Zane’s heart pounded in his chest as the pain from his leg seared through him. His vision blurred with a red haze of anger, and the small green figures in front of him seemed to grow larger, more menacing. The weight of grief, fear, and now searing physical pain twisted inside him, feeding the rage that was building since the hospital. Zanes mind relabelled these little greens shits. As a threat—dangerous, unforgiving, and relentless.
The one in charge, the slightly larger one, had already screamed at him again, but Zane didn’t hear the words. He couldn’t hear anything but the roar of adrenaline and fury in his ears. He looked down at the spear lodged in his leg and, without thinking, wrenched it out. Pain exploded in his body, but it didn’t matter. He felt nothing but the fire inside him now, a fire that demanded retribution.
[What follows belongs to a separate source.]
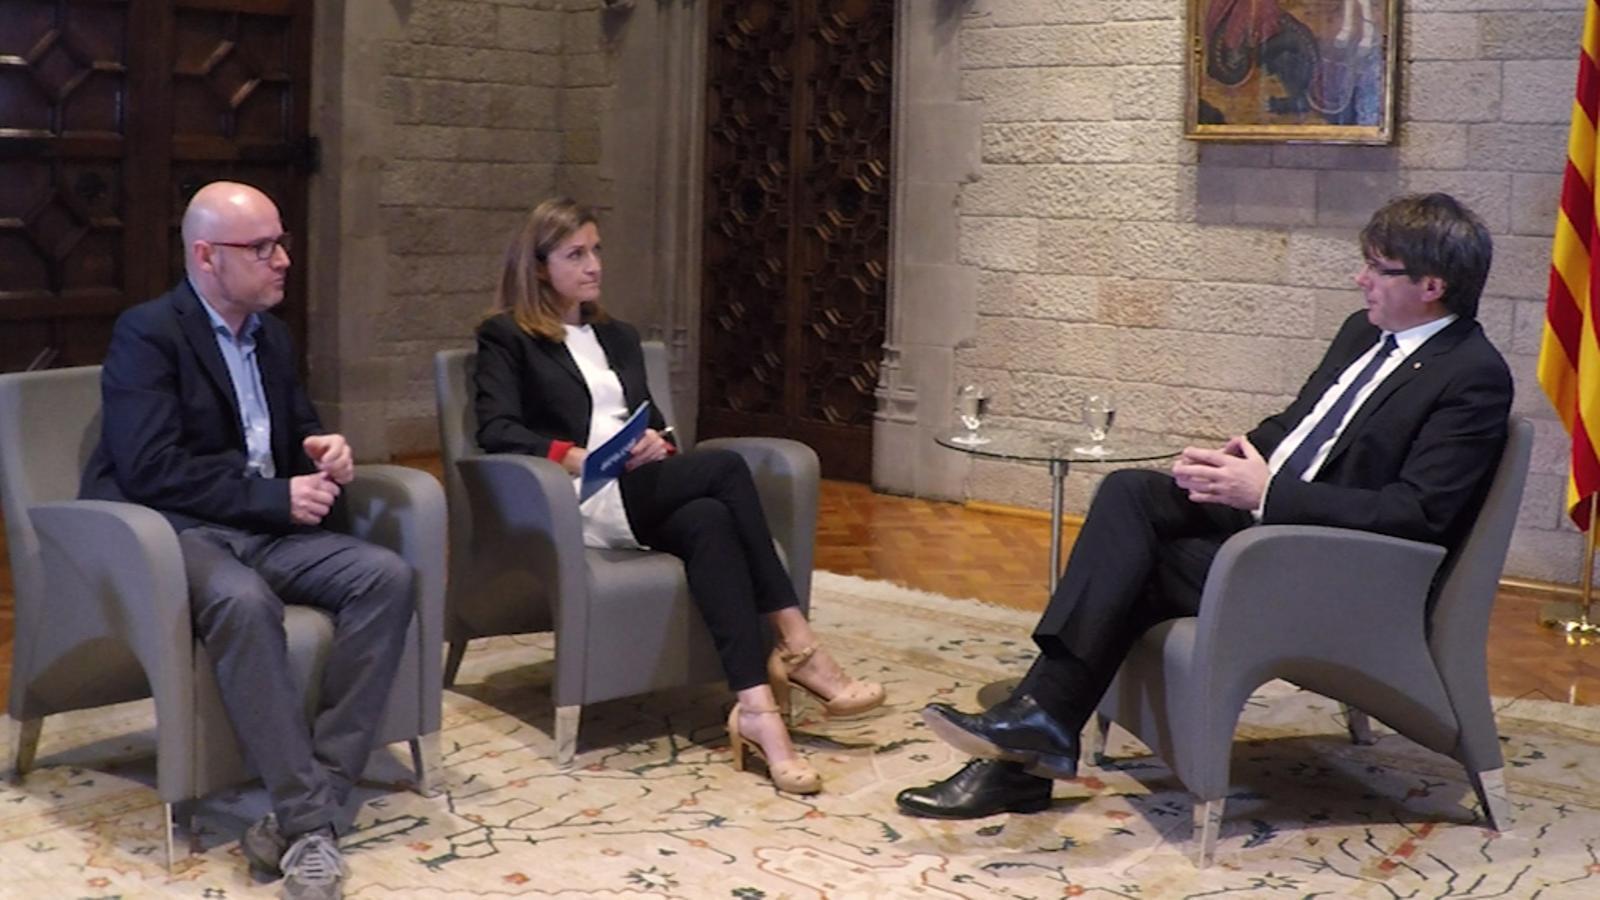 Entrevista d'Esther Vera i David Miró a Carles Puigdemont
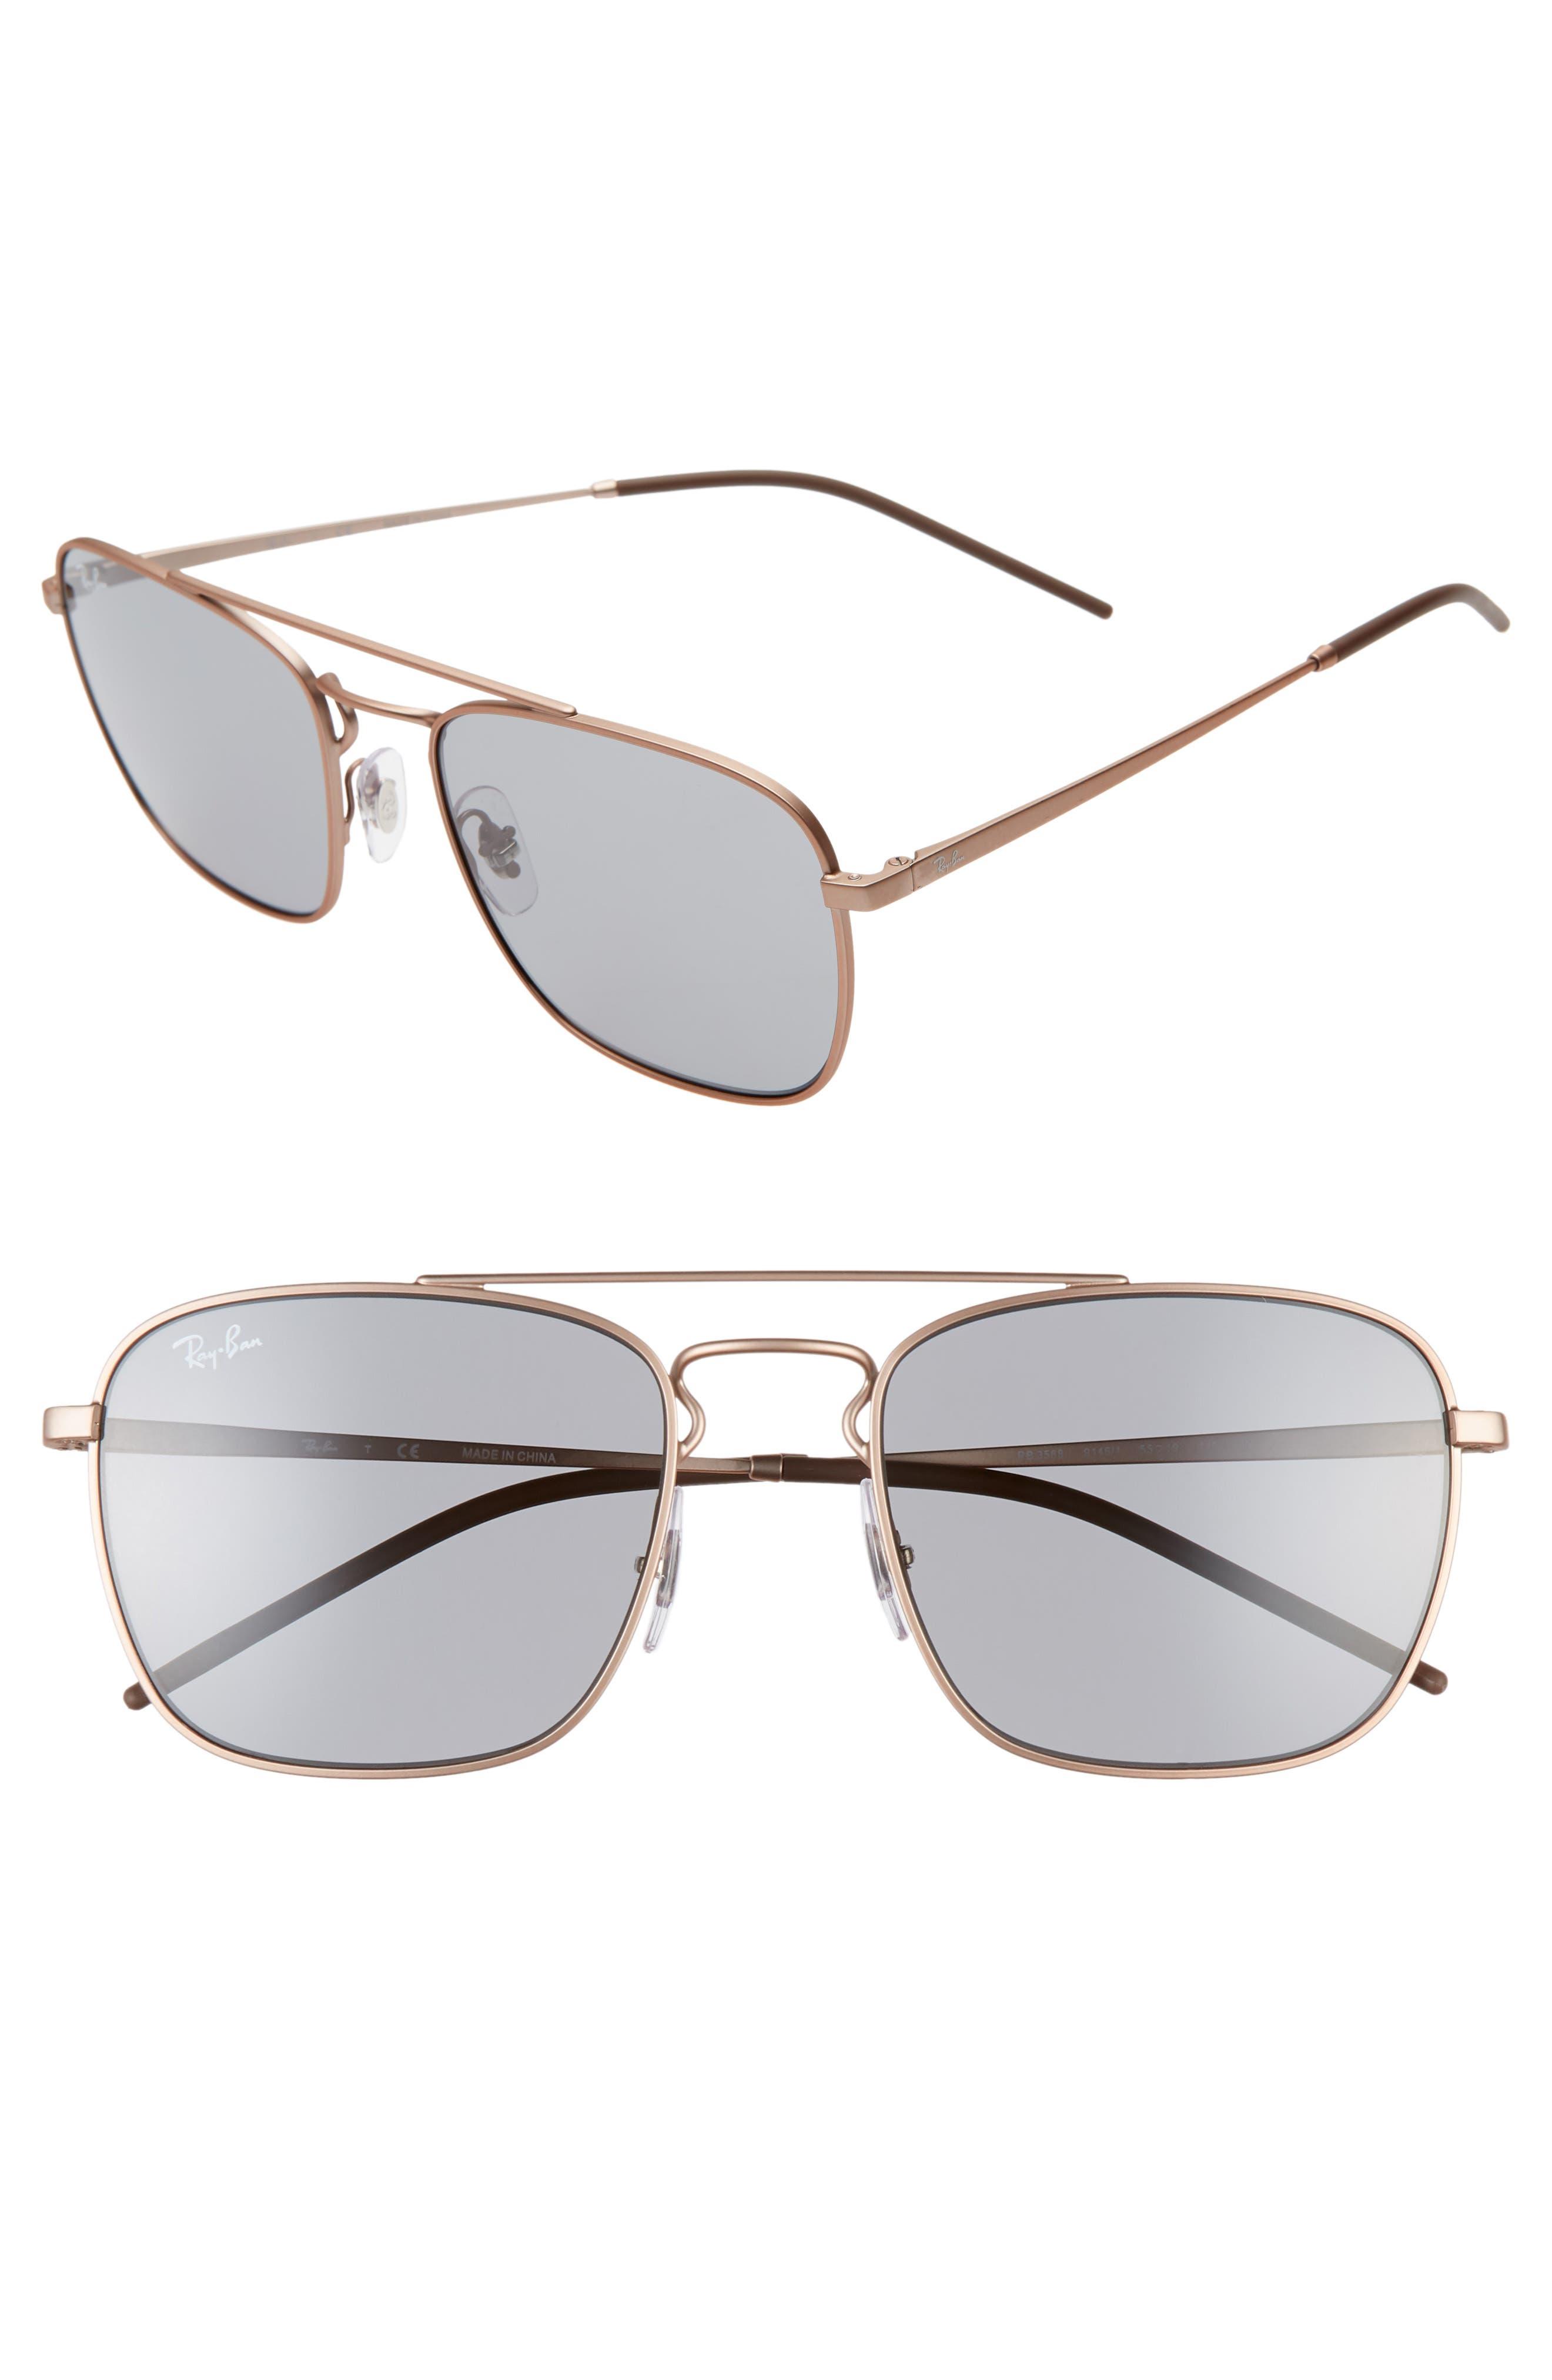 Ray-Ban 55Mm Navigator Sunglasses - Copper/ Grey Solid

“You wanted to mess with me?!” Zane bellowed, the words rasping from his throat as he lunged toward the nearest one. The green figure barely had time to react before Zane swung the spear with a brutal force, driving it into the little bastard’s chest. There was a sickening crunch, and the creature crumpled to the ground, its eerie, high-pitched scream cut short.
Two of the others tried to scatter, but they were too slow. The rage coursing through Zane’s veins made him faster, more vicious than any of them had anticipated. He moved with precision, his body acting on instinct as he turned the spear in his hands. The next green creature was too close to dodge. With a snarl, Zane drove the spear forward, piercing its throat. The thing sputtered and choked, eyes wide with shock, before it collapsed in a heap at his feet.
The last two attempted to retreat, but Zane was relentless. He wasn’t sure if they were still speaking their strange language or if they even realised how deep in trouble they were. He took a few steps after them, and with a single, vicious swipe, he struck down one, then the other. Their little bodies hit the ground with a sickening thud.
Zane stood there, chest heaving, the heat of battle slowly giving way to an overwhelming exhaustion. His leg throbbed, but he didn’t care about the pain anymore. He looked down at the four green corpses, running with green blood, a sense of finality settling over him.
In the back of his mind, a small voice of reason persisted: What have you done?
And he knew—if it were any other day, he would never have attacked them like that. It was the grief, the pain, the unbearable weight of the day that had driven him to lose control. He didn’t know what had just happened. Had the overwhelming stress of his life recently broken his mind? Had he just attacked a bunch of trees or something? But he couldn’t shake the feeling that these green creatures were real and that it was only the beginning of something much bigger than him.